From:

  https://devblogs.nvidia.com/gpu-pro-tip-cuda-7-streams-simplify-concurrency/

Summary:

Asynchronous commands return control to the calling host thread before 
the device has finished the requested task (they are non-blocking). 
The asynchronous commands are:

    1. Kernel launches;
    2. Memory copies between two addresses to the same device memory;
    3. Memory copies from host to device of a memory block of 64 KB or less;
    4. Memory copies performed by functions with the Async suffix;
    5. Memory set function calls.


How to launch a kernel on the default stream:

  kernel<<< blocks, threads, bytes >>>();    // default stream
  kernel<<< blocks, threads, bytes, 0 >>>(); // = stream 0

CUDA 7 introduces a new option, the per-thread default stream, 
that has two effects. 
  First, it gives each host thread its own default stream. 
  This means that commands issued to the default stream by 
  different host threads can run concurrently. 

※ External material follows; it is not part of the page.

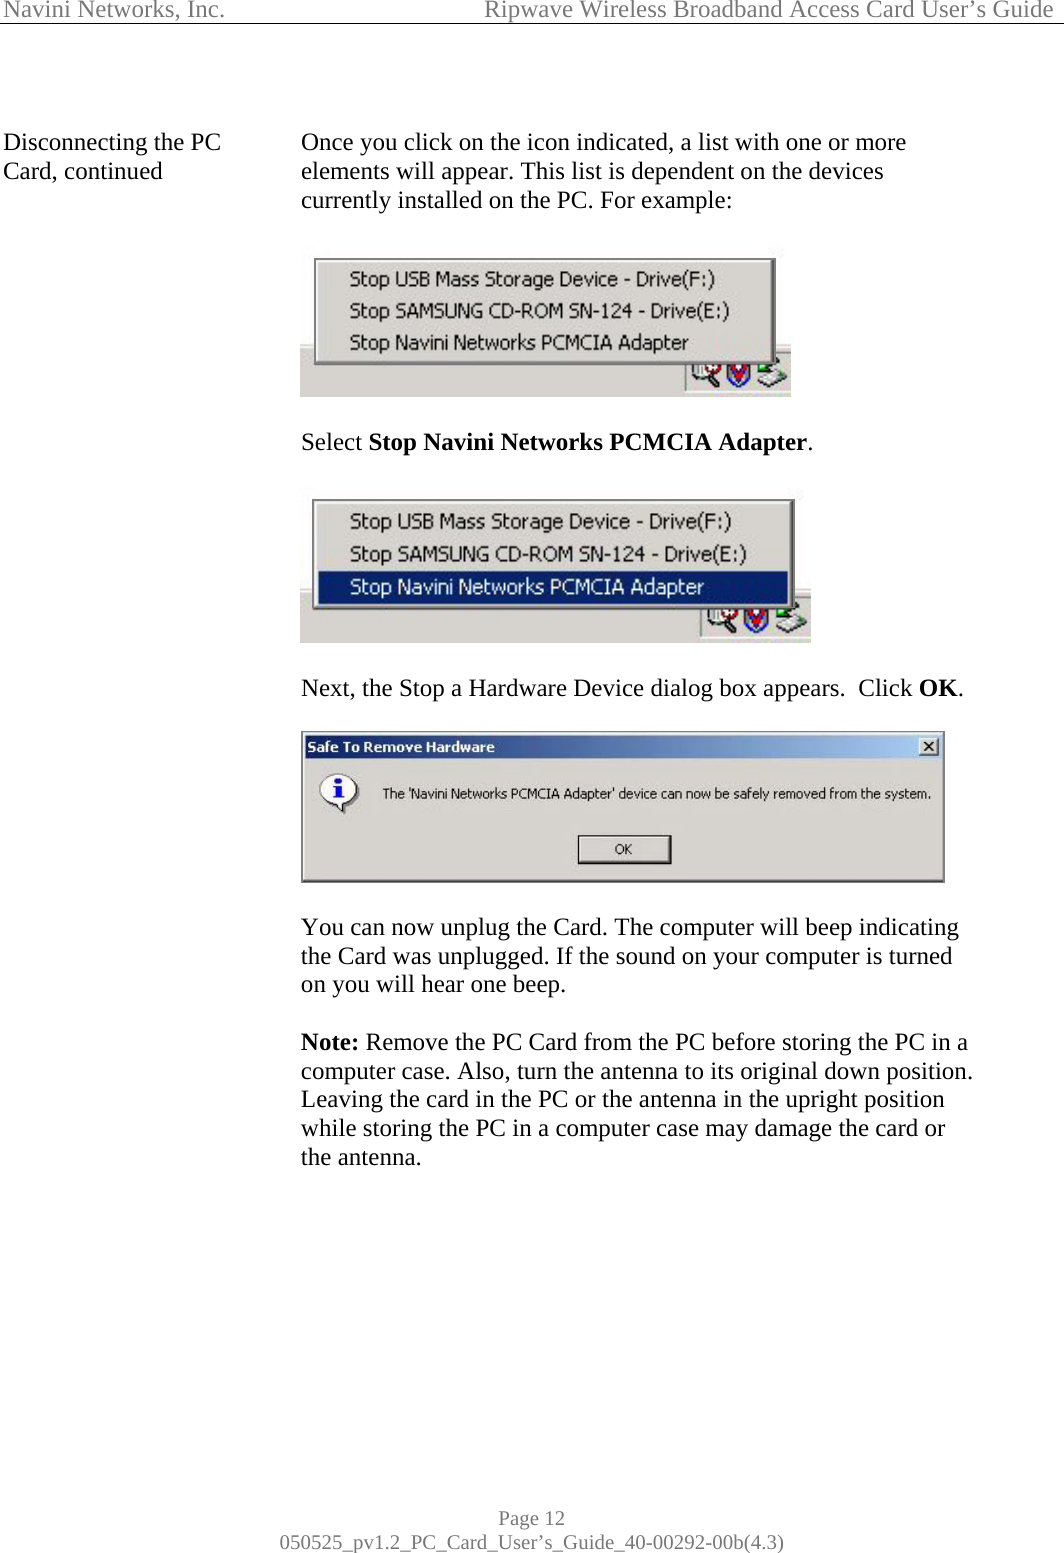 Navini Networks, Inc.            Ripwave Wireless Broadband Access Card User’s Guide Page 12 050525_pv1.2_PC_Card_User’s_Guide_40-00292-00b(4.3)  Disconnecting the PC Card, continued                                             Once you click on the icon indicated, a list with one or more elements will appear. This list is dependent on the devices currently installed on the PC. For example:     Select Stop Navini Networks PCMCIA Adapter.    Next, the Stop a Hardware Device dialog box appears.  Click OK.     You can now unplug the Card. The computer will beep indicating the Card was unplugged. If the sound on your computer is turned on you will hear one beep.  Note: Remove the PC Card from the PC before storing the PC in a computer case. Also, turn the antenna to its original down position. Leaving the card in the PC or the antenna in the upright position while storing the PC in a computer case may damage the card or the antenna.

  Second, these default streams are regular streams. 
  This means that commands in the default stream may run concurrently 
  with commands in non-default streams.

To enable per-thread default streams in CUDA 7 and later, you can either 

    1. compile with the nvcc command-line option --default-stream per-thread, 

 or 2. #define the CUDA_API_PER_THREAD_DEFAULT_STREAM preprocessor macro 
       before including CUDA headers (cuda.h or cuda_runtime.h).

DO NOT USE 2 in a .cu file, because:

   in a .cu file when the code is compiled by nvcc because nvcc implicitly 
   includes cuda_runtime.h at the top of the translation unit.

=============================================================================

Visual:

	nvvp  a.out